Congressional approval would be needed if Biden wanted to pass any free-trade deals. But his advisers have said that they are unlikely to pursue any new agreements in the short term, instead focusing on domestic priorities.

Some of Biden’s other priorities on trade transcend party lines and could gain support among congressional Republicans — like strengthening Buy American rules to devote more federal dollars to US products or investing in domestic technologies like semiconductors to ensure that China does not gain a competitive edge.

Financial Regulation

Some of the biggest Trump-era changes to bank regulation have been done through the regulatory agencies rather than through Congress. Examples include a weakening of the Volcker Rule, which keeps banks from betting for their own profit, and a reworking of the Community Reinvestment Act, which requires banks to invest in poor communities.

A new crew of regulatory officials will have leeway to either undo those tweaks or to impose new ones — which will probably cut toward stronger oversight. Much like the slow drip of deregulation under the Trump administration, any changes coming out of the Fed and its fellow regulatory agencies are likely to be small and steady.

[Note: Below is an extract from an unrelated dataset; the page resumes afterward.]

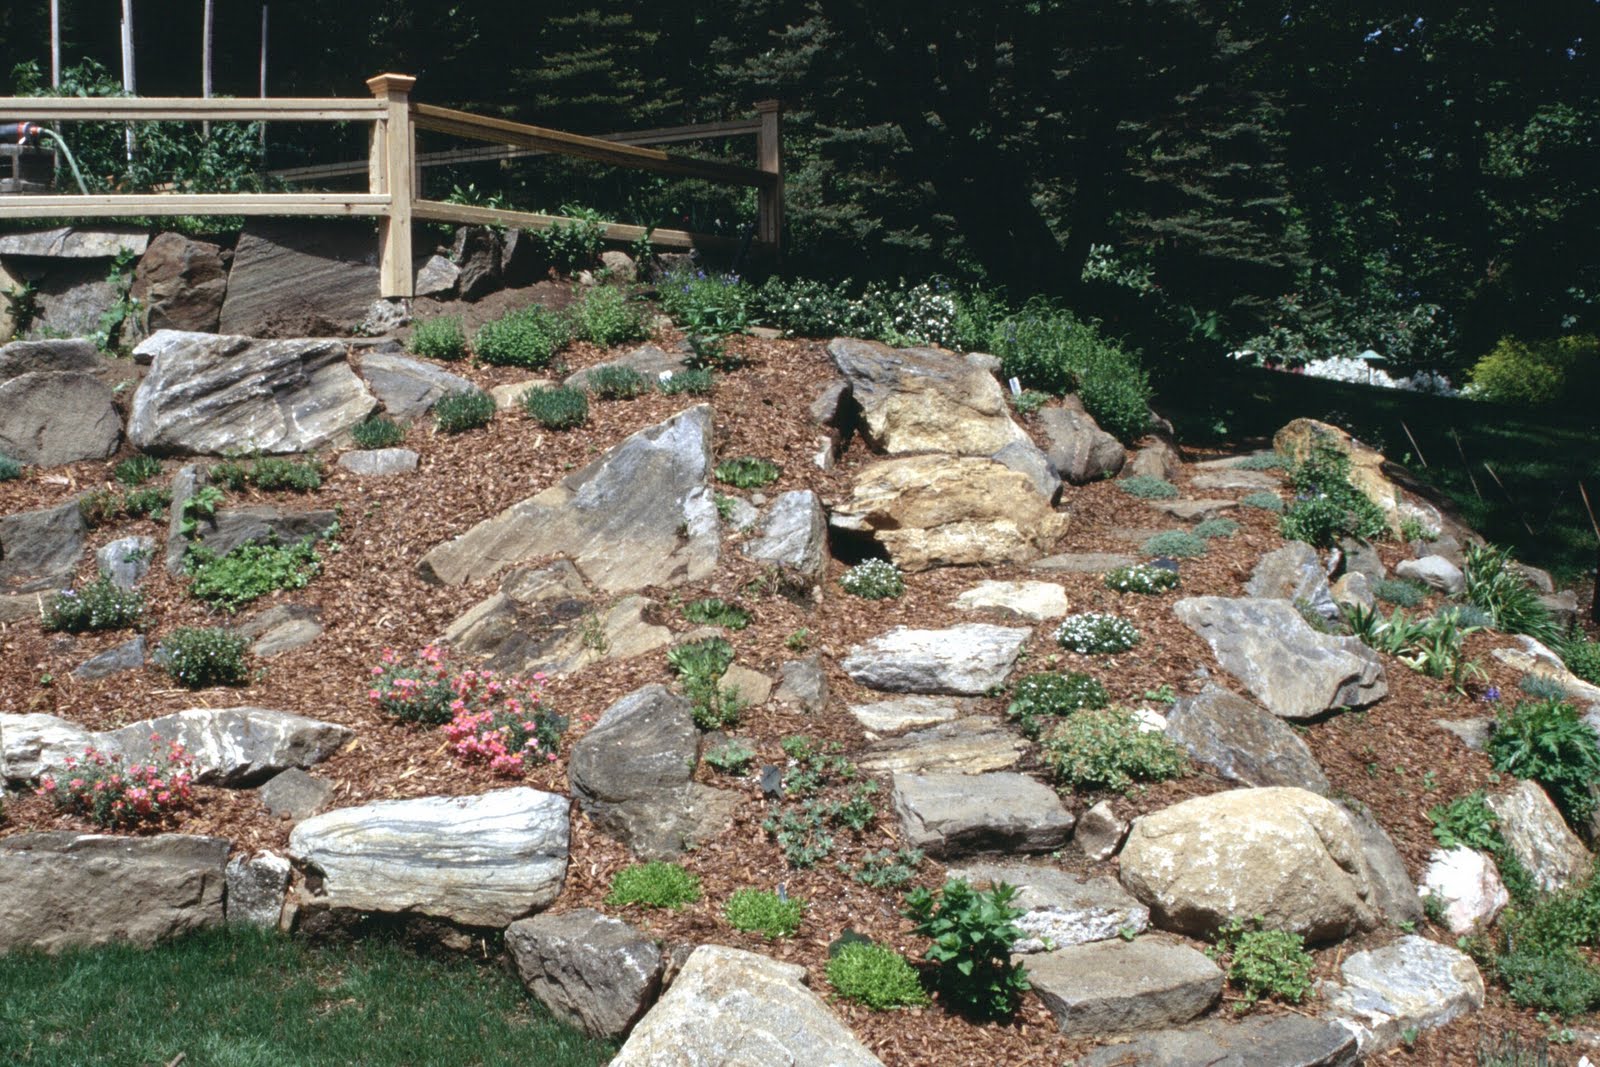 the existing rock garden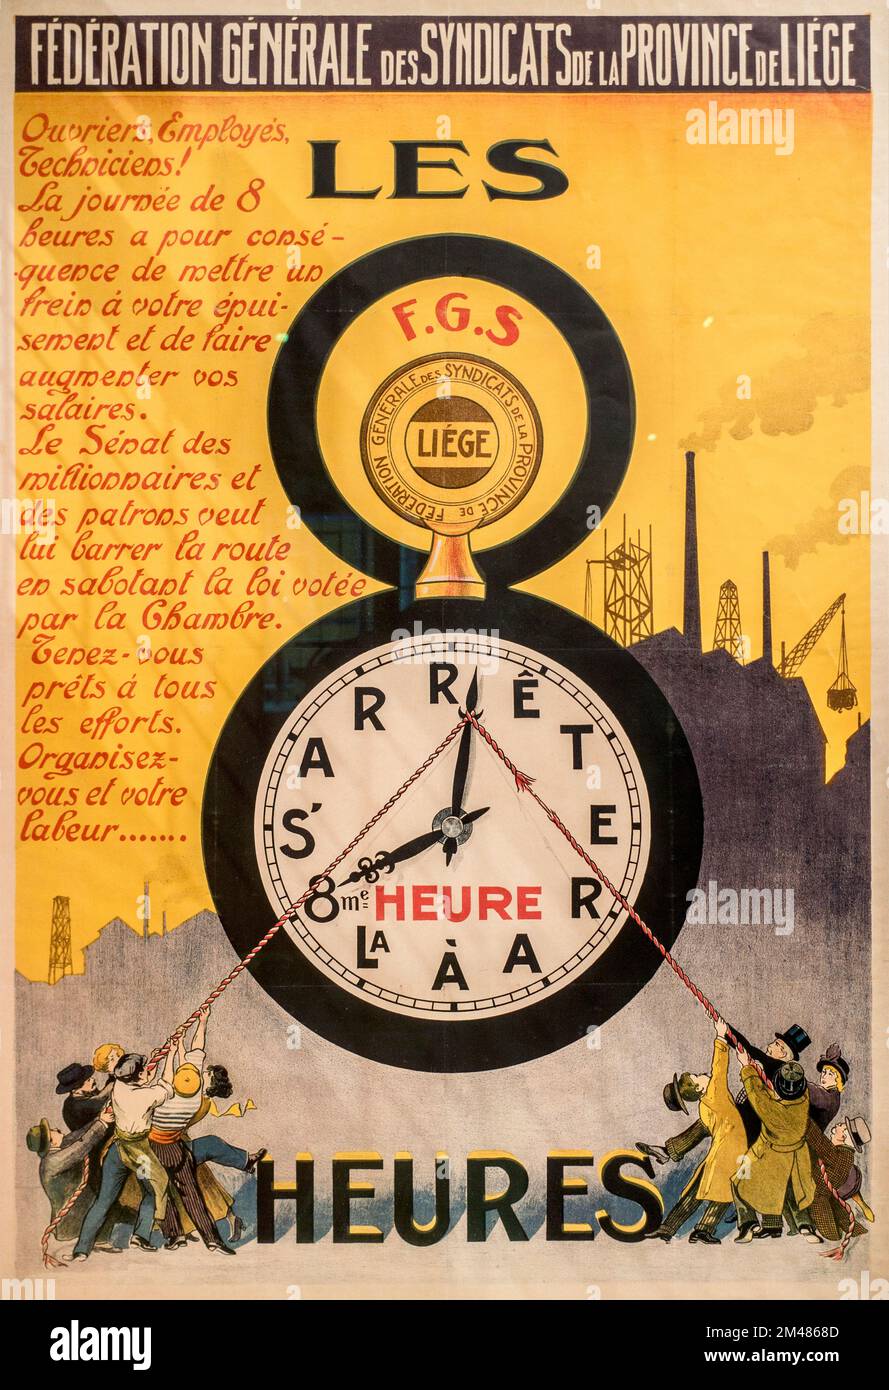 1920s affiche / écriteau de la campagne syndicale belge faisant la promotion de la journée de travail de huit heures / journée de travail de 8 heures / journée de travail Banque D'Images

“It is going to be a tough slog for the Democrats on the legislative front,” said Ian Katz, a director and financial policy analyst at Capital Alpha Partners. “The action is really with the regulators.”

But changes may not come that quickly, even if Biden taps more pro-regulatory officials for the various agencies. One of the most powerful regulatory positions — the Fed’s vice chair for supervision — is held by Randal Quarles, a Trump appointee whose term is not up until October 2021.

Consumer Protection

A Biden administration could exert huge influence over consumer protections, including those involving debt collection, payday lending and foreclosure abuse.

The Supreme Court ruled in June that the White House has the power to fire the director of the Consumer Financial Protection Bureau without cause, rejecting a federal law that sought to place limits on presidential oversight of independent agencies. That means Biden will be free to replace Kathleen Kraninger, the bureau’s current director, with someone who will more rigorously scrutinise businesses and ramp up enforcement.

Katz pointed to payday lending regulation and a debt collection rule at the Consumer Financial Protection Bureau as things that could be on the table quickly.

Richard Cordray, the bureau’s former director, said in a white paper earlier this year that it should be taking action to help people avoid foreclosure and eviction during the pandemic and be carefully monitoring the practices of debt collectors.